SCPI en démembrement : analyse de la nue-propriété

Analyse approfondie du démembrement de propriété appliqué aux SCPI : clé de répartition, mécanismes fiscaux, calculs de rendement et cas pratiques.

Romain L.

Fondateur de Finomo

20 août 202614 min de lecture

Le démembrement de propriété est un mécanisme juridique ancestral issu du Code civil français qui sépare la pleine propriété d'un bien en deux droits distincts : la nue-propriété et l'usufruit. Lorsqu'il est appliqué aux sociétés civiles de placement immobilier (SCPI), ce montage devient une stratégie d'ingénierie patrimoniale particulièrement puissante. Il permet aux investisseurs d'adapter leur placement à leur situation fiscale et à leur horizon temporel personnel.

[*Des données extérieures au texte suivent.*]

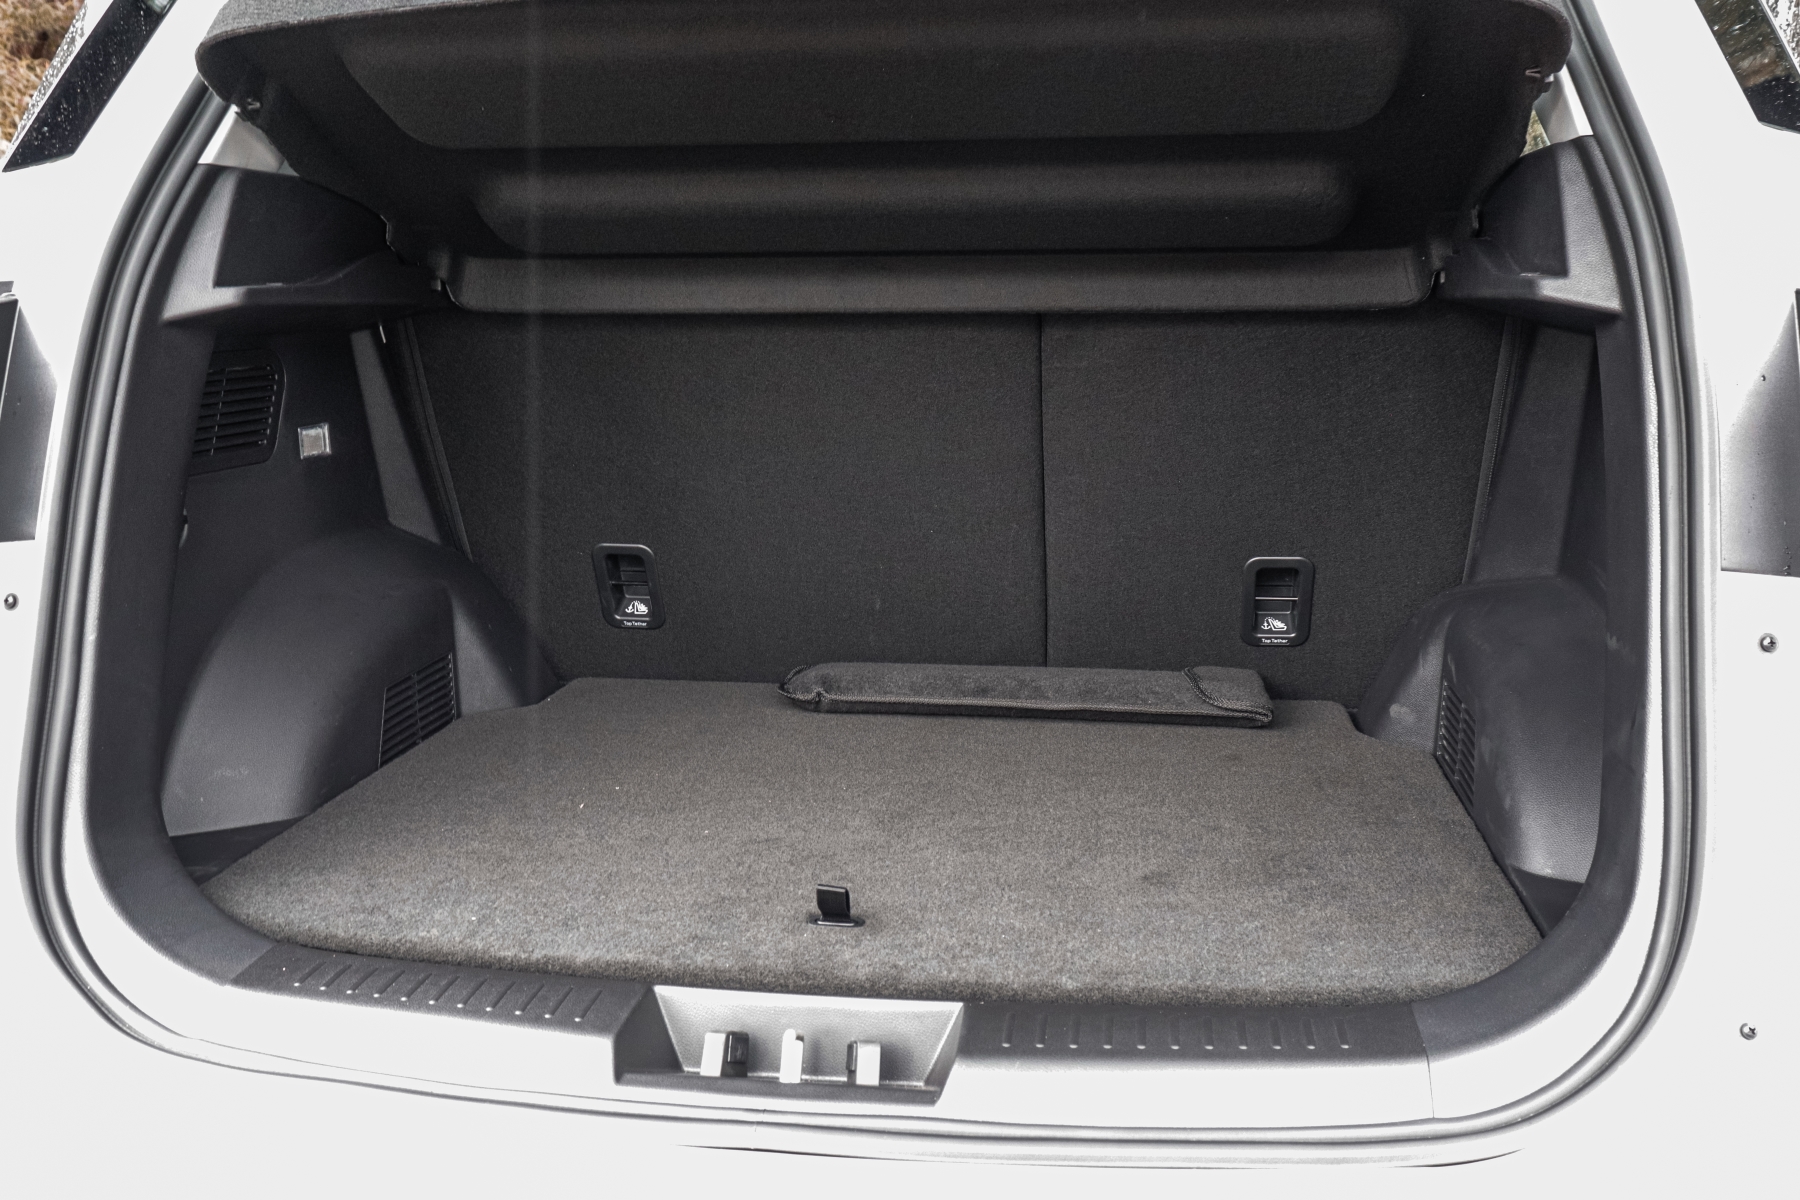 Caoa Chery Tiggo 5X Pro Hybrid modelo 2022 interior porta-malas branco no asfalto

Dans un contexte d'imposition élevée sur les revenus fonciers et de pression sur l'impôt sur la fortune immobilière (IFI), l'acquisition de parts de SCPI en nue-propriété ou en usufruit temporaire répond à des objectifs patrimoniaux précis. Cet article propose une analyse microéconomique et fiscale du démembrement en SCPI, étayée par des cas chiffrés et des modèles de calcul détaillés.

1. Principes juridiques du démembrement de propriété appliqué aux SCPI

Pour comprendre le démembrement de parts de SCPI, il convient de décomposer la pleine propriété telle qu'elle est définie par l'article 544 du Code civil. La pleine propriété regroupe trois prérogatives majeures : le fructus (le droit de percevoir les fruits, soit ici les loyers), l'usus (le droit d'utiliser le bien, transposé en SCPI par le droit de vote de l'usufruitier sur certaines résolutions d'affectation des résultats) et l'abusus (le droit de disposer du bien, d'en aliéner la substance, réservé au nu-propriétaire).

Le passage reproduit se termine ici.